Co-detections of several different pathogens have been described previously in chelonians. In previous studies, detections of herpesviruses and Mycoplasma spp. in tortoises have been described with incidences of 1.37 65 –3%. 61 Serologic evidence of co-infections with TeHV-1 and TeHV-3 has been found in spur-thighed tortoises in Turkey. 41 Mycoplasma spp. were also detected in all 3 chelonians with double herpesvirus detection (TeHV-1 and TeHV-3). In our study, 5% of all animals were positive for mycoplasma and herpesviruses, and it could be shown that co-detections are more likely than detection of a single pathogen. Reasons for the high probability of co-detections could be the synergistic effect of Mycoplasma spp. and herpesviruses causing more severe disease, or that chronic diseases such as mycoplasmosis can reduce the immune response and lead to an increased susceptibility to further infections. 65 In a previous study on the detection of testudinid intranuclear coccidia (TINC) by real-time PCR in the same group of 1,011 animals with 27 (2.7%) TINC-positive tortoises, 37 37% of the TINC-positive animals were positive for Mycoplasma spp. and 11% were positive for TeHV-3. However, no significant correlation was found between TINC and mycoplasma detection or TeHV-3 detection.

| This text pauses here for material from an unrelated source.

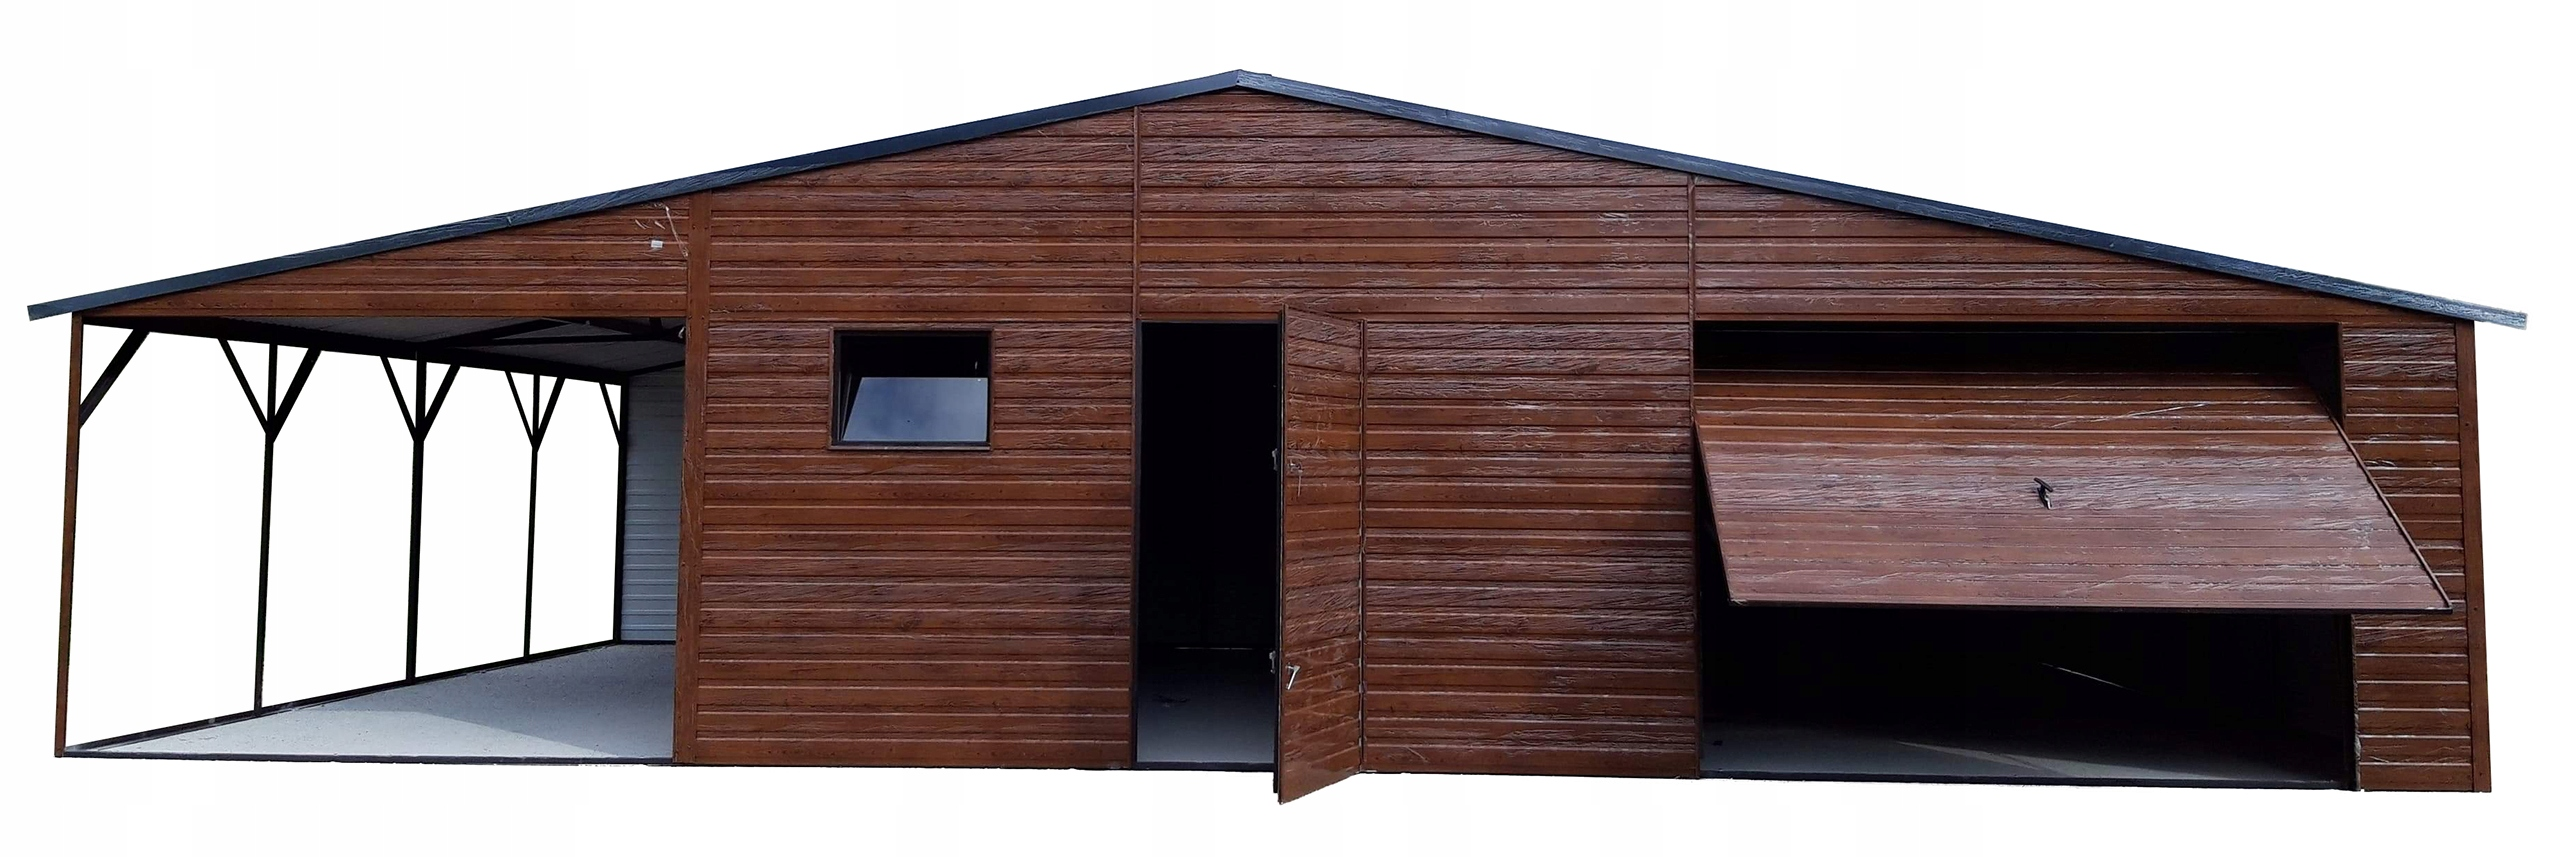 Tin Garage Hala Shed Walnut 8 + окно ворот 3x7

We tested oral swabs and nasal washes most commonly, which is appropriate for minimally invasive samples for the detection of pathogens from the respiratory tract. In those cases in which tissue samples were tested, these were generally pooled samples from different organs, mostly including tongue, lung, liver, intestine, and kidney to represent the most important organ systems. The probability of false-negative results because of inappropriate tissue samples is therefore low. The high percentage of positive samples in tissues could be because autopsied animals were suspected to be infected with a certain pathogen and only obvious lesions were tested. In 9 of the animals included in our study, only blood was available, and these blood samples were all negative for all of the pathogens. Blood samples are unlikely to be appropriate samples for the detection of respiratory pathogens, given the likely limited duration or lack of viremia or bacteremia. False negatives are therefore to be expected if only blood samples are tested.
Mycoplasma and herpesviruses were detected significantly more frequently in animals from Spain than from other countries. However, this may be at least partially the result of sampling bias, and only 4 countries were compared given the small sample size in most other countries.

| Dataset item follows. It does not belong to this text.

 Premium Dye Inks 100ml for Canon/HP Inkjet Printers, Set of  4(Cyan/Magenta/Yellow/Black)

We detected mycoplasma most frequently in the fall, whereas herpesvirus detections in fall were the lowest. However, statistical analysis was only performed for an interval of 1 y. Comparison of at least 2 y would be valuable in order to draw reliable conclusions on the seasonality of mycoplasma and herpesvirus detections. Tortoises with herpesviral infections typically show clinical signs especially in the spring or late fall. 53
Footnotes
Declaration of conflicting interests
E Kolesnik and RE Marschang are employed by a commercial laboratory offering testing services for veterinarians. This employment did not influence study design, interpretation, or publication preparation.
Funding
The authors received no financial support for the research, authorship, and/or publication of this article.